Keen’s debut poetry collection arrives at the party already a little drunk, a bit raucous and talking a mile a minute, but the longer the night goes on, the more sense it seems to make. After all, he’s not out to hurt anyone; he’s just trying to figure out where it all went wrong for all of us. With considerable energy and tightly coiled wit, Keen ranges across the political, spiritual and pop-culture landscapes only to find them all a little disorienting and largely bereft. “There is no sadness,” he writes, “But the fear of sadness. / There is no despair, / But the distraction from despair. / There is no suffering, / But the avoidance of suffering. / We’re living in bad times, / Biochemically speaking.” Regardless of where he looks, nothing essential remains.
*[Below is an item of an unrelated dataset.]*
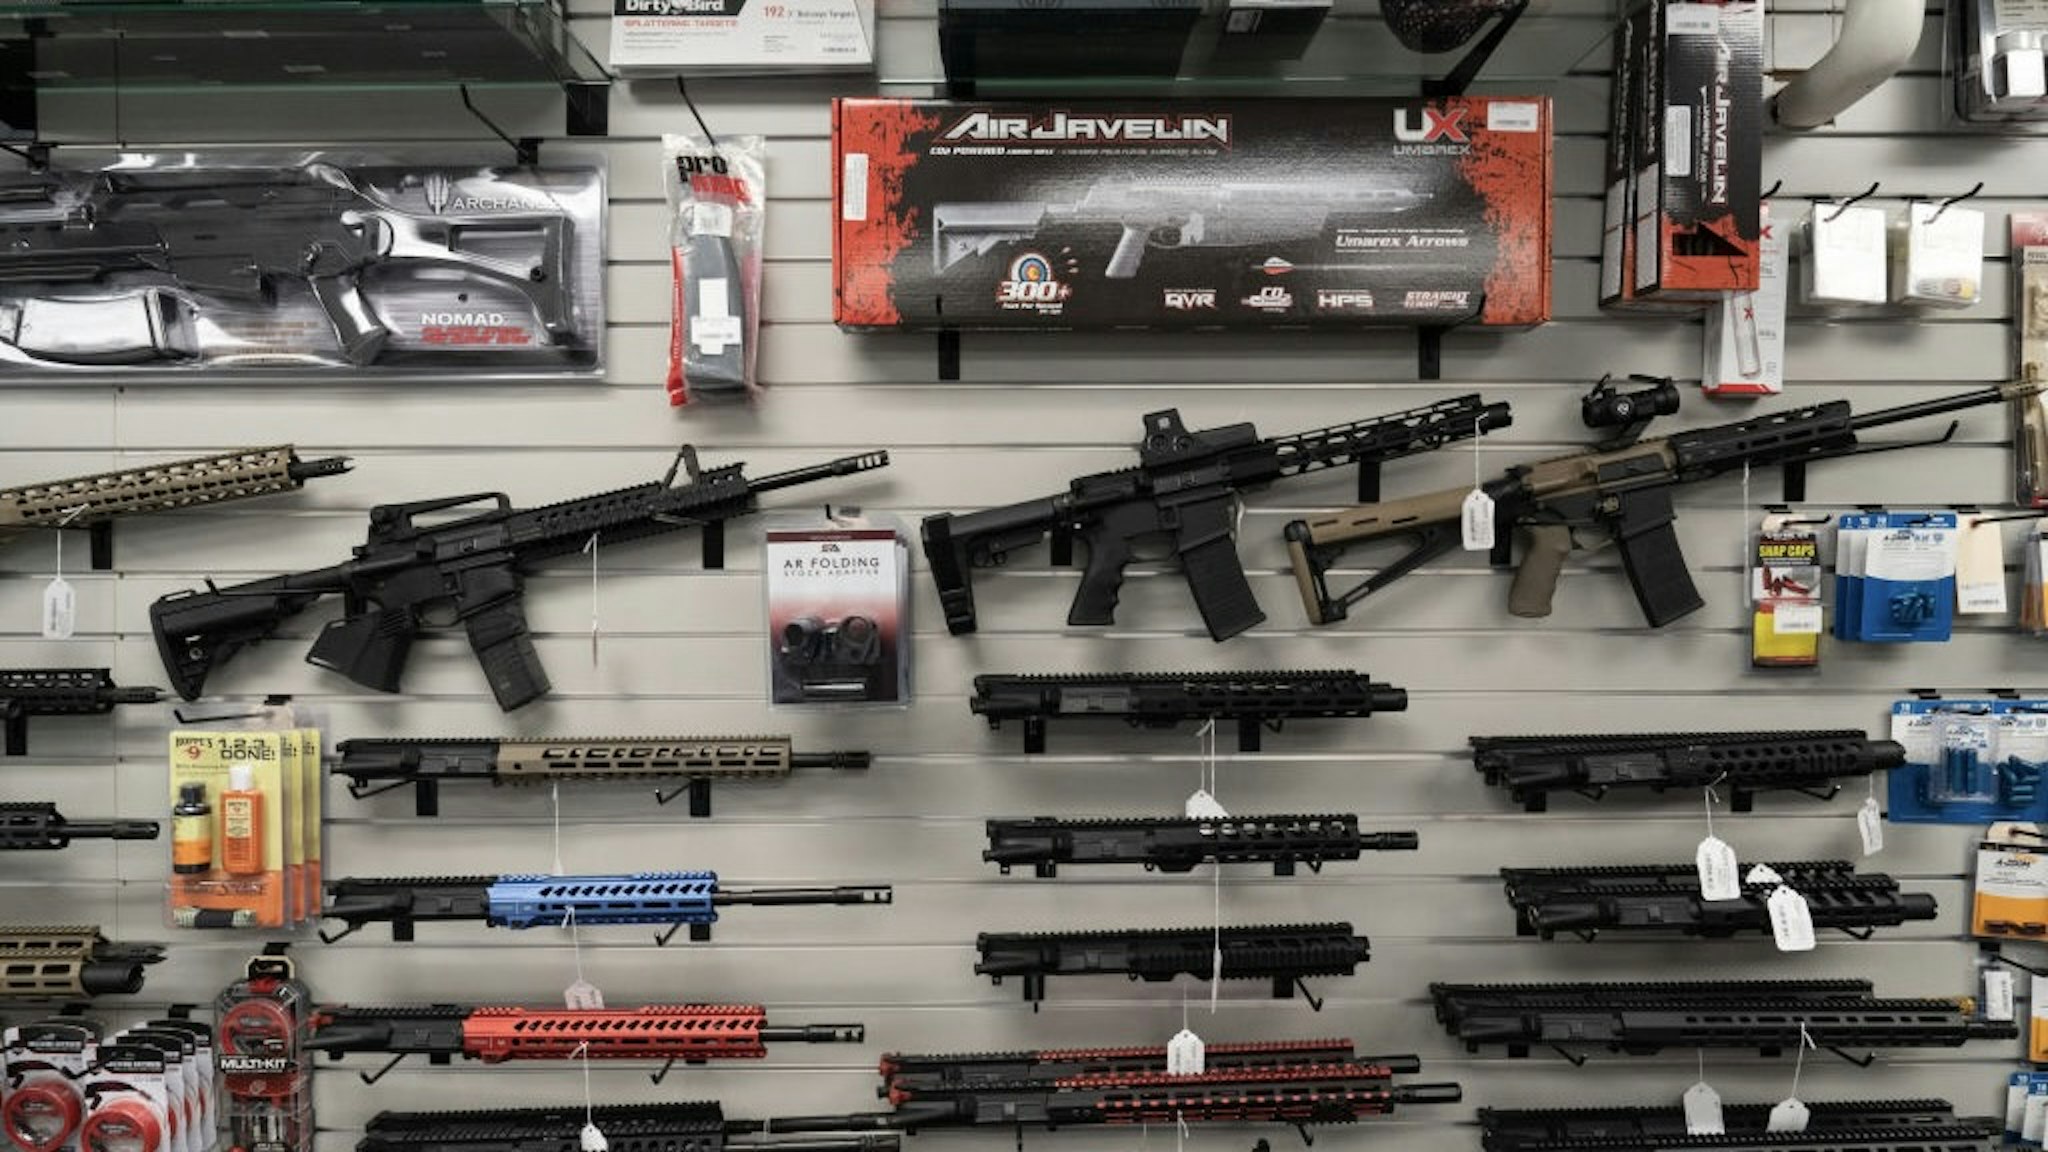 Firearm Store Sales As Biden Announces Restrictions, Including On 'Ghost Guns' California-compliant AR-15 rifles, upper receivers and gun accessories for sale at Hiram's Guns / Firearms Unknown store in El Cajon, California, U.S., on Monday, April 26, 2021. President Joe Biden's planned executive actions would crack down on "ghost guns," which can be assembled from kits and are not traceable by law enforcement because they lack serial numbers, as well as braces for pistols that make firearms more stable and accurate. Photographer: Bing Guan/Bloomberg via Getty Images Bloomberg / Contributor

Love is sold “in bottles now, / and smells like aftershave,” Christ is “lost in all the traffic” and “so far away from now.” Even your sense of self is suspect: “In this cellular moment, / This eternity / Among strangers, / You see / Yourself / In bits / And / Pieces, / Impossible to describe.” Trapped by the postmodern condition and yearning for the teleologically secure time “before the world was shattered,” Keen’s narrators respond in seemingly the only way available—playing their own language games, answering absurdity with absurdity and papering over fragmentation with pastiche. Meditations on death are peppered with popular advertising slogans, and the apotheosis of Western civilization is reduced to Michelangelo’s David infested with maggots. With no certainty, even of the self, the poems join in the cannibalizing of culture, seeking irony in unexpectedly ironic situations. Amid the brutality arises humor, and Keen ably joins a long tradition in American avant-garde poetry of lampooning demagoguery with poems like “The Demystification of Henry Kissinger” and “Even at Night All Snakes Swallow Their Prey Whole: Looking Back at Arafat & Some of His Peers.” Supporting the politics, satire and social commentary is a more than capable, sometimes beautiful verse that relies heavily on repetition—from anaphora to choral refrains—and startlingly precise imagery (“sway-backed surgeons, / Peeling human skulls like eggs”) for great effect.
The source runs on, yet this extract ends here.